Using the records below, copy exactly the part that opens with the line holding "Salton Theros Gin Red Fruits 1L" and closes with the line holding "TECHNICAL MANAGER (PASSENGER CARS AND VANS)", minus the pictures.

▶ **Data records**:
%%

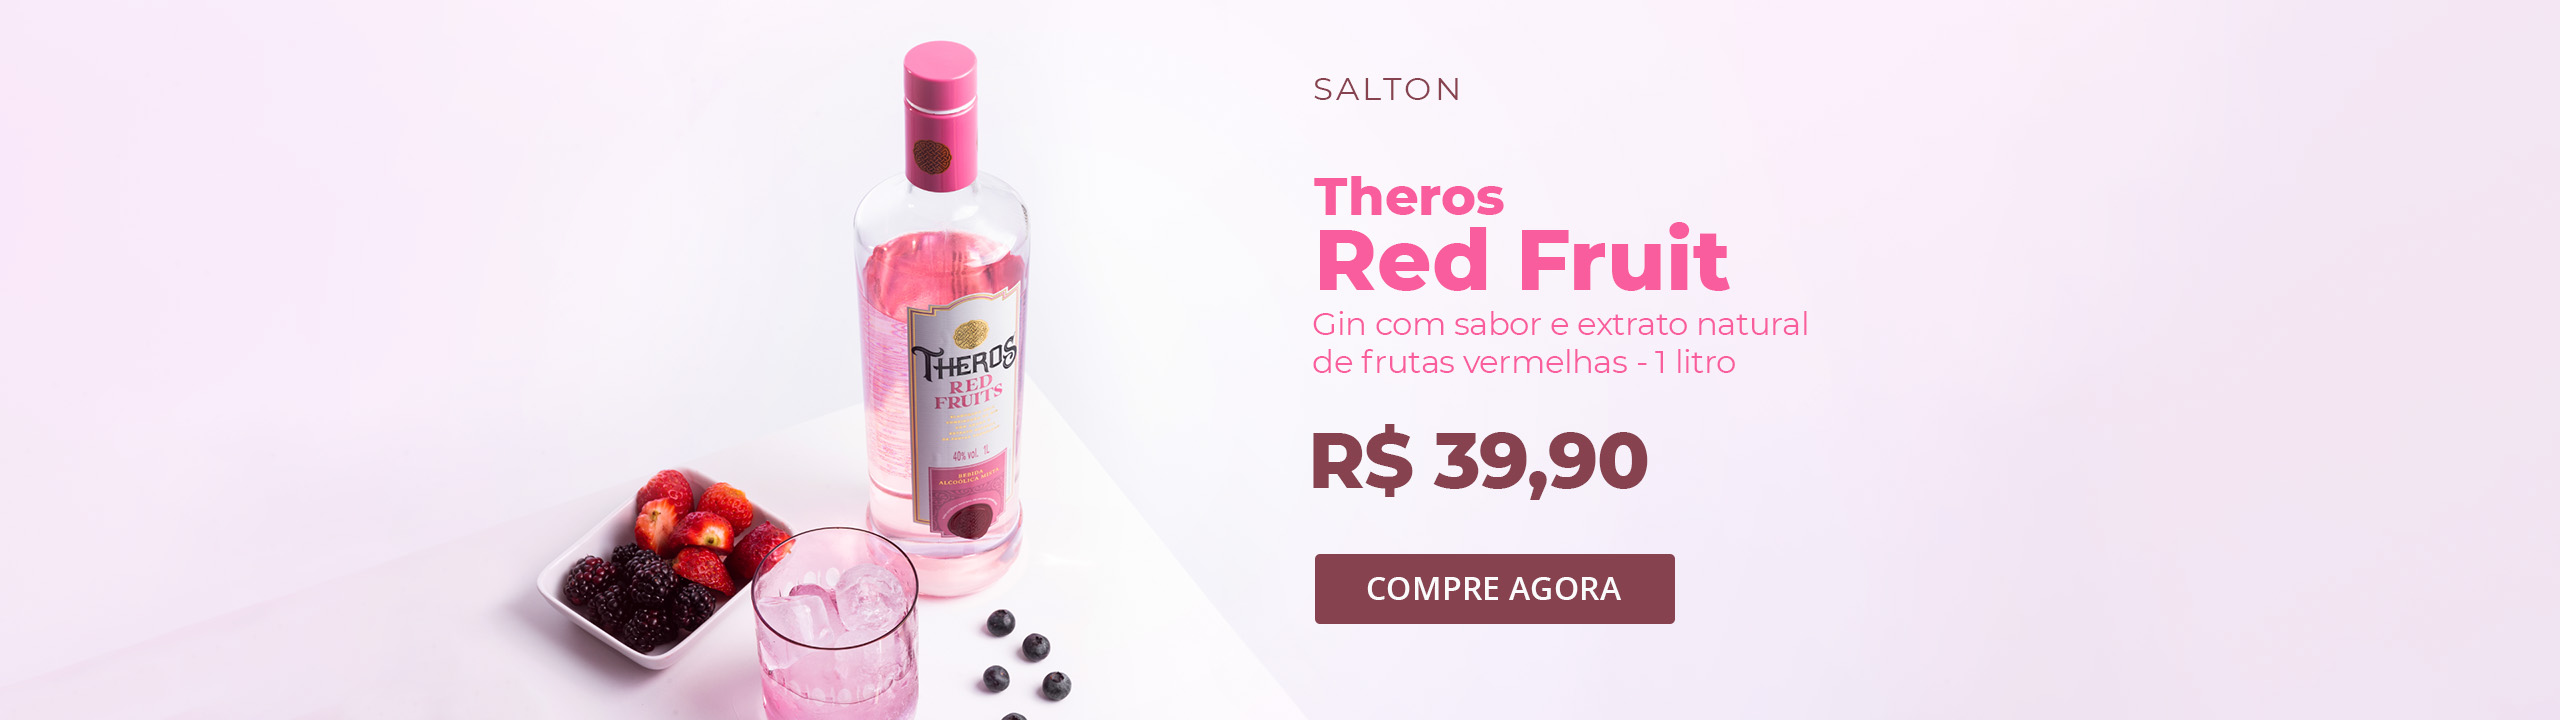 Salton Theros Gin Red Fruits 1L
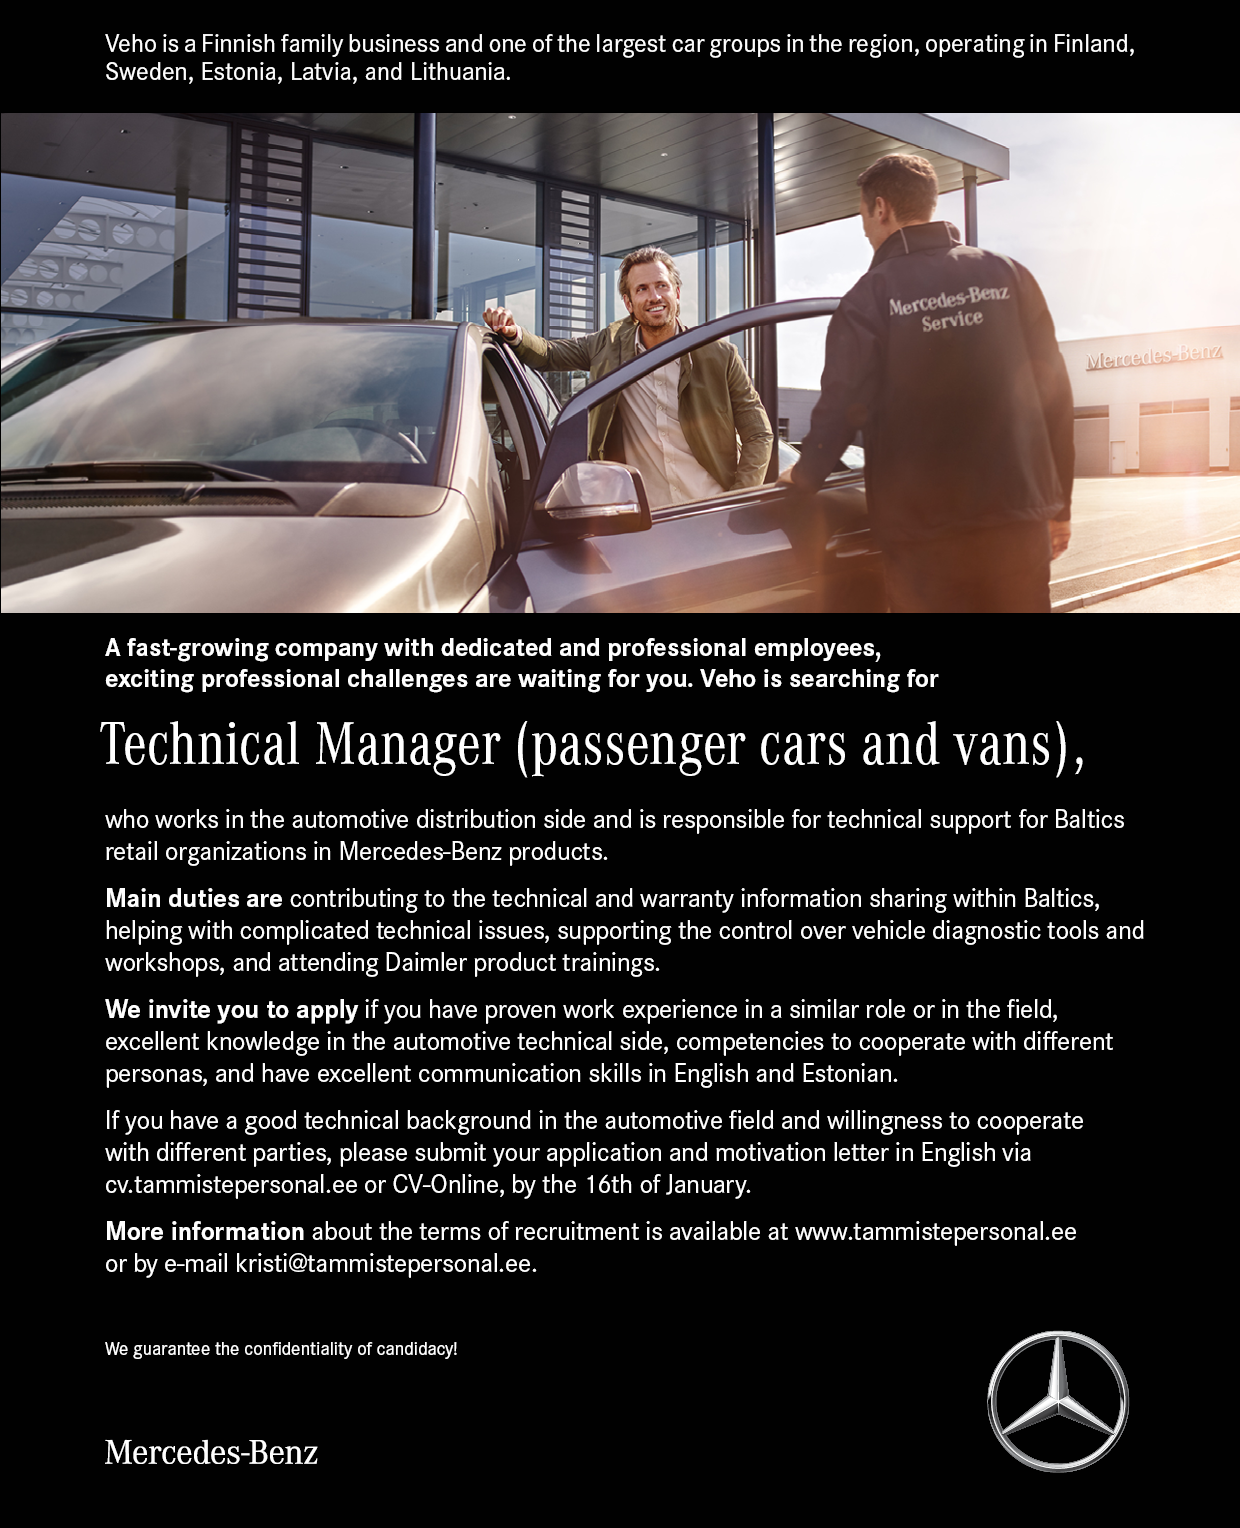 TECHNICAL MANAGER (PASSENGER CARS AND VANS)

%%
%%

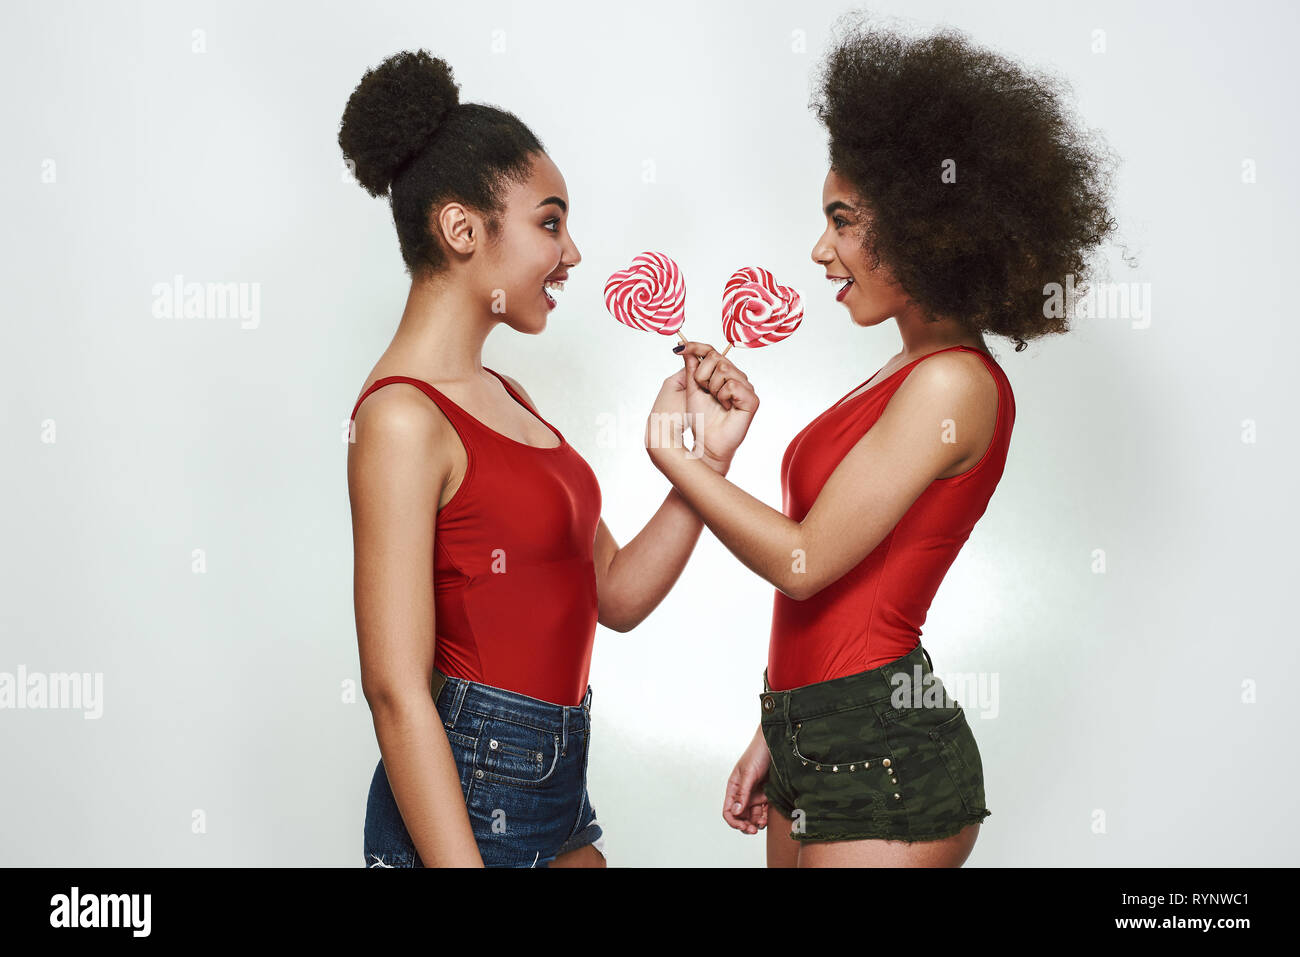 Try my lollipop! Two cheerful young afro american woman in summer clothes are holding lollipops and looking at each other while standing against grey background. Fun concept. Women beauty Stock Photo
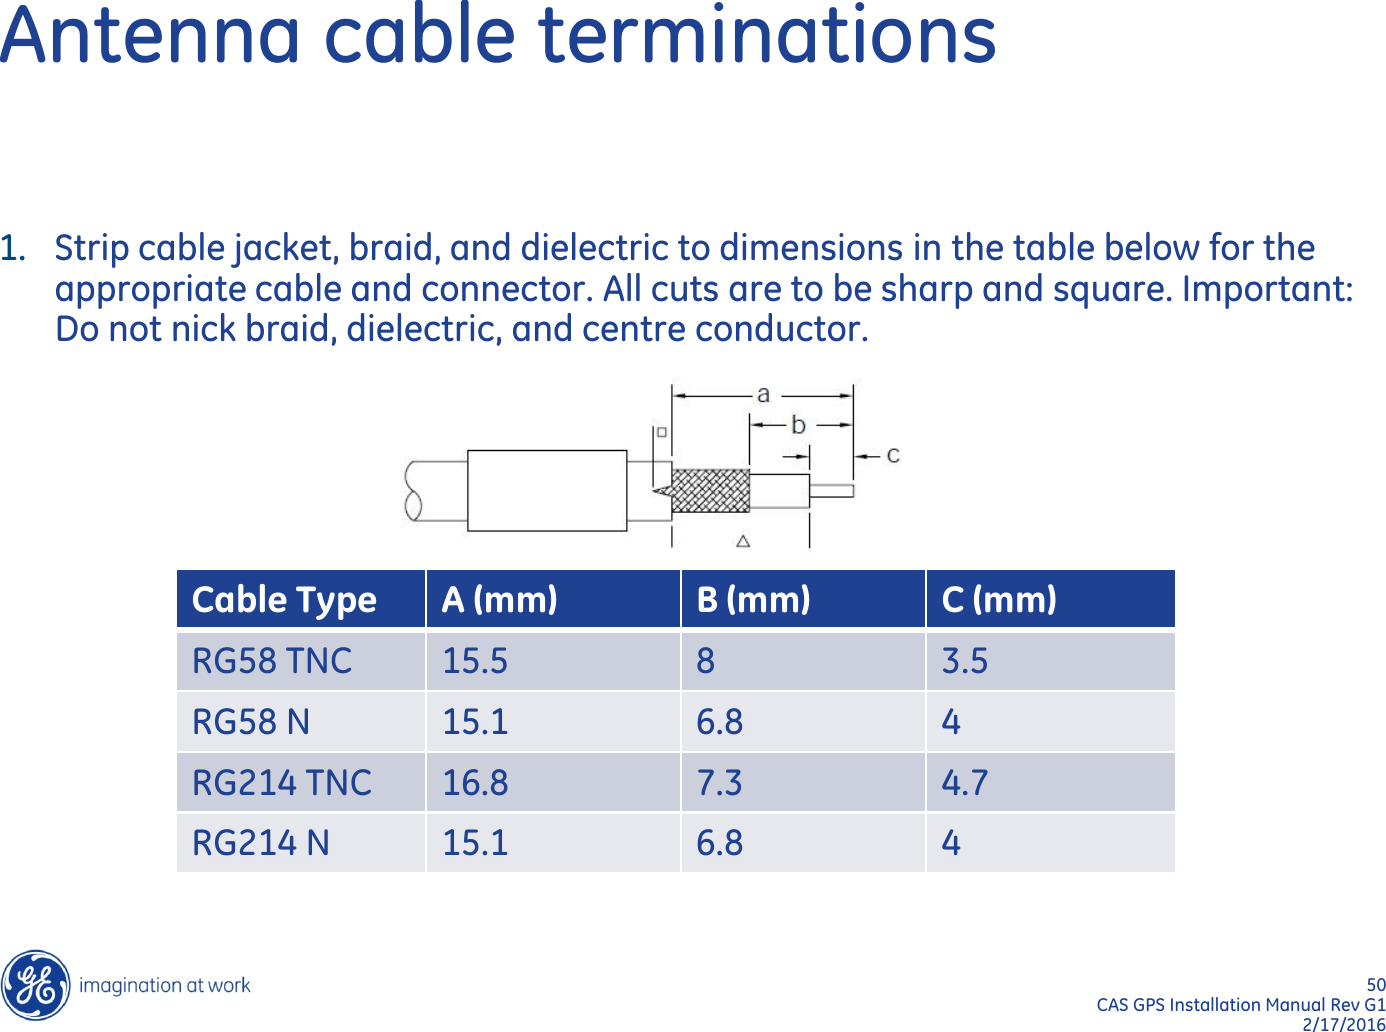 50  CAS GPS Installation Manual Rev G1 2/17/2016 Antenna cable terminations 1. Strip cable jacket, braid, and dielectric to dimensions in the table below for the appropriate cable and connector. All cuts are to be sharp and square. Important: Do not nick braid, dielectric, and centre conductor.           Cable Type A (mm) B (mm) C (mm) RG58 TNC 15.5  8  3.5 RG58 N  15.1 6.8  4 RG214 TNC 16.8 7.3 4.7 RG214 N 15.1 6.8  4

%%

▶ **Task solution**:
 Salton Theros Gin Red Fruits 1L
 TECHNICAL MANAGER (PASSENGER CARS AND VANS)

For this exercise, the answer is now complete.